Василий Петрович кивнул, как будто и не ожидал услышать ничего иного. Домоуправ скороговоркой поздравил с началом первого этапа городской социализации. Вручил Василию Петровичу справку, удостоверяющую это, направления в кинотеатр «Ударник» и Музей национальной культуры и пропуск с прямоугольным штампом: «Телефабрика. Зона доступа 1».

— Вечером ждем вас в Красном уголке на собрании. В девять начало, не опаздывайте, — сурово проговорил он и демонстративно уставился в черный квадрат планшета, всем видом показывая, что на сегодня разговор окончен.

Как только за посетителем закрылась дверь, капитан нажал на кнопку телефона внешней связи.

— Баб Дусь, реабилитант на программе. Список у вас есть. Установите наблюдение по всему маршруту.

3

В кинотеатр «Ударник» Василий Петрович направился сразу из домоуправления. Он пытался вспомнить, сколько туда идти пешком, с девяти утра общественные ПАЗики с маршрута снимали: в городе действовал режим экономной заботы, навскидку выходило минут тридцать. Получалось, что он попадал впритык к началу сеанса. На телефон внутренней связи позвонила дочь, он перечислил, что должен сделать сегодня.

— Сережа звонил, о тебе спрашивал, — сказала она.

— Теперь только после собрания с ним увидимся, — вздохнул Василий Петрович. — Часов в десять закончится? — уточнил он.

— Может и затянуться, — не обрадовала его дочь. — От батюшки зависит.

— От какого батюшки? — удивился отец.

— Папа, как ты отстал! В прошлом году еще ввели. Укрепление духовных скреп называется. Приходит батюшка наш квартальный. Вначале общая молитва, потом домоуправ докладывает о международной обстановке и внутреннем положении или программу «Время» смотрим. Потом батюшка исповедует. Исповедь может затянуться. Смотря сколько неисповеданных будет.

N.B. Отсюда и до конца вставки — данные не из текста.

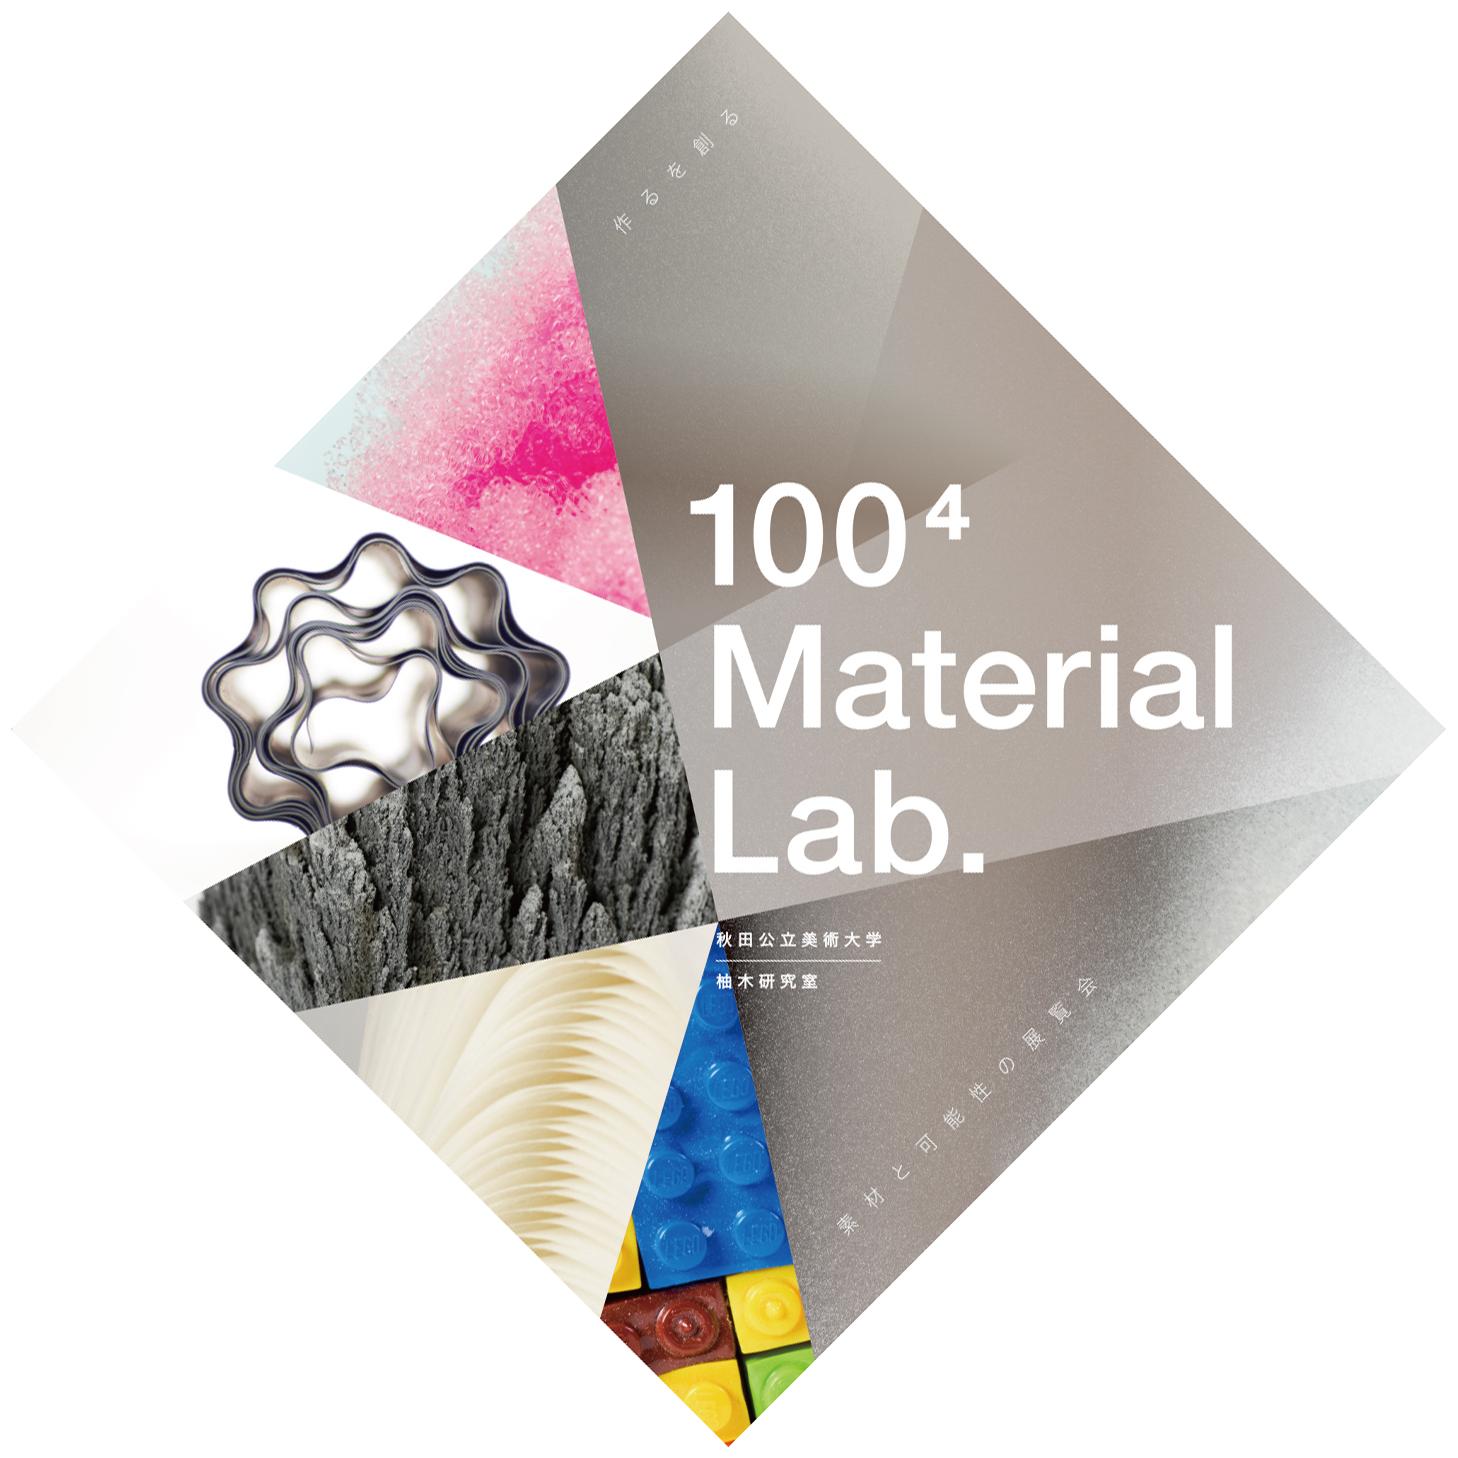 100⁴ Material Lab. ―作るを創る、素材と可能性の展覧会―

— Исповедуют разве не в церкви?

— Это и есть укрепление духовных скреп. Можешь утром в церкви исповедаться, а можешь вечером в Красном уголке. Кому как работа позволяет. Бездельников в стране нет. Да и мне кажется, что так демократично. У каждого есть выбор.

— Марин, ты это сейчас серьезно? — не выдержал отец, но связь тутже прервалась, и вместо ответа Василий Петрович услышал короткие гудки.

— Сынок, сумку не донесешь до углового? — Василий Петрович не сразу понял, что обращаются к нему. Его и сорок лет назад никто сынком не рискнул бы назвать: был он высок и плотен, и даже в те свои двадцать с небольшим выглядел гораздо старше. Он ожидал увидеть классическую советскую или раннероссийскую старуху — в наряде, который и шушуном, и зипуном можно окрестить, потому что непонятно какое тряпье намотано, такому и определения нет, но перед ним стояла моложавая женщина лет пятидесяти — в цветастом русском сарафане, с аккуратно уложенными волосами и легким летним макияжем. У ее вполне еще стройных ног — не по нынешней жаре обтянутых светло-коричневыми колготками — стояла огромная клетчатая сумка, такие когда-то прозвали челночными.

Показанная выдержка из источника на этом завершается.